If the algorithm keeps track of which symlink it is currently resolving (or which symlinks in case of recursive links), it can detect if it is attempting to resolve a link again recursively which it is still busy resolving.

Algorithm:

initialize `location` to the current working directory
initialize `link_contents` to the path we want to resolve
initialize `active_symlinks` to the empty set

def resolve_symlink(location, link_contents, active_symlinks) :
    loop forever:
        next_location = location / [first element of link_contents]
        see if next_location is a symlink.
        if so:
            if next_location in active_symlinks: abort, we have a loop
            location = resolve_symlink(location, readlink(next_location), active_symlinks ∪ {next_location})
        else:
            location = next_location
        strip first element of link_contents
        if link_contents is empty: 
            return location

edit:

I have a working implementation of this in python at https://bitbucket.org/JanKanis/python-inotify/src/853ed903e870cbfa283e6ce7a5e41aeffe16d4e7/inotify/pathresolver.py?at=pathwatcher.

edit 2: Bitbucket stopped hosting mercurial repos. Here is the full file:

# pathresolver.py - This module contains an iterator that iterates over all
# elements of a path including any symlinks. 

# Copyright 2012-2013 Jan Kanis

# This library is free software; you can redistribute it and/or
# modify it under the terms of the GNU Lesser General Public
# License as published by the Free Software Foundation; either
# version 2.1 of the License, or (at your option) any later version.


"""
This module contains a few functions that help traverse paths with
symlinks.

`resolve_symlinks` is a generator that yields pairs of paths, with one
yield for each path element that is traversed to reach the final
target of a path. This includes path elements and paths from symlinks.

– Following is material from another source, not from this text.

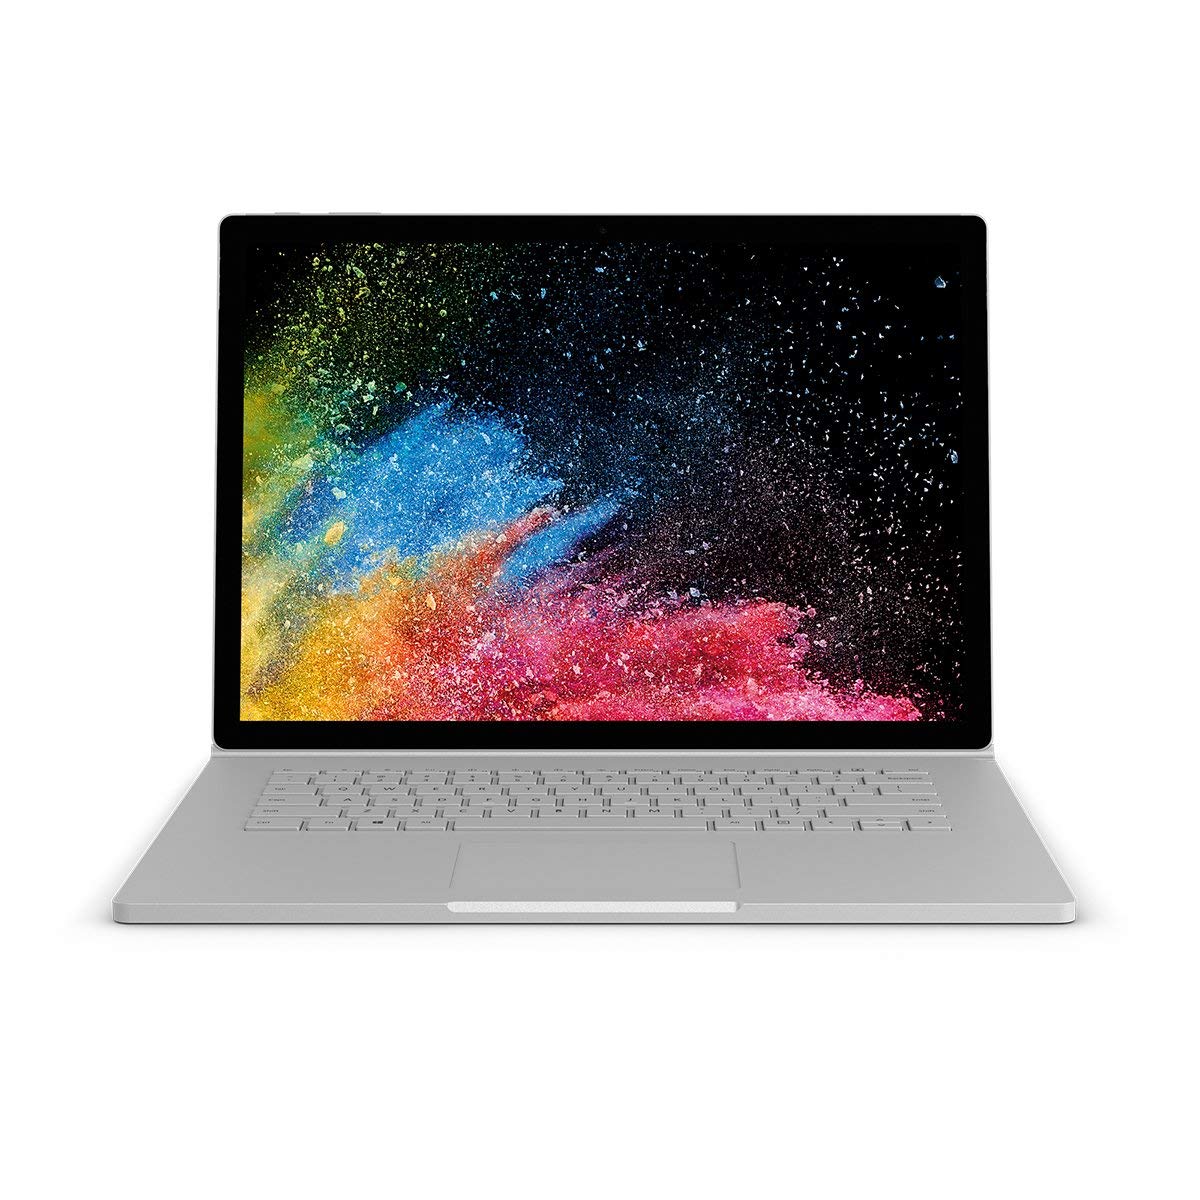 Computadora portátil de la marca Microsoft, modelo Surface Book 2

`resolve_path` is a wrapper around `resolve_symlinks` that takes a
single path as an argument and sets up the other arguments to
`resolve_symlinks`.

`get_symlinkmax` is a function that determines the maximum number of
symlinks the system will traverse in a path.

Note: this module forms part of python-inotify, but is considered an
internal module. As such there are no stability guarantees regarding
the api's of these functions.
"""


__author__ = "Jan Kanis"


import sys, os, errno
import tempfile, shutil
from pathlib import PosixPath


_curdir = PosixPath('.')
_root = PosixPath('/')
_parentdir = PosixPath('..')


def resolve_path(path):
    '''Resolve the symlinks in path, yielding all filesystem locations that are traversed.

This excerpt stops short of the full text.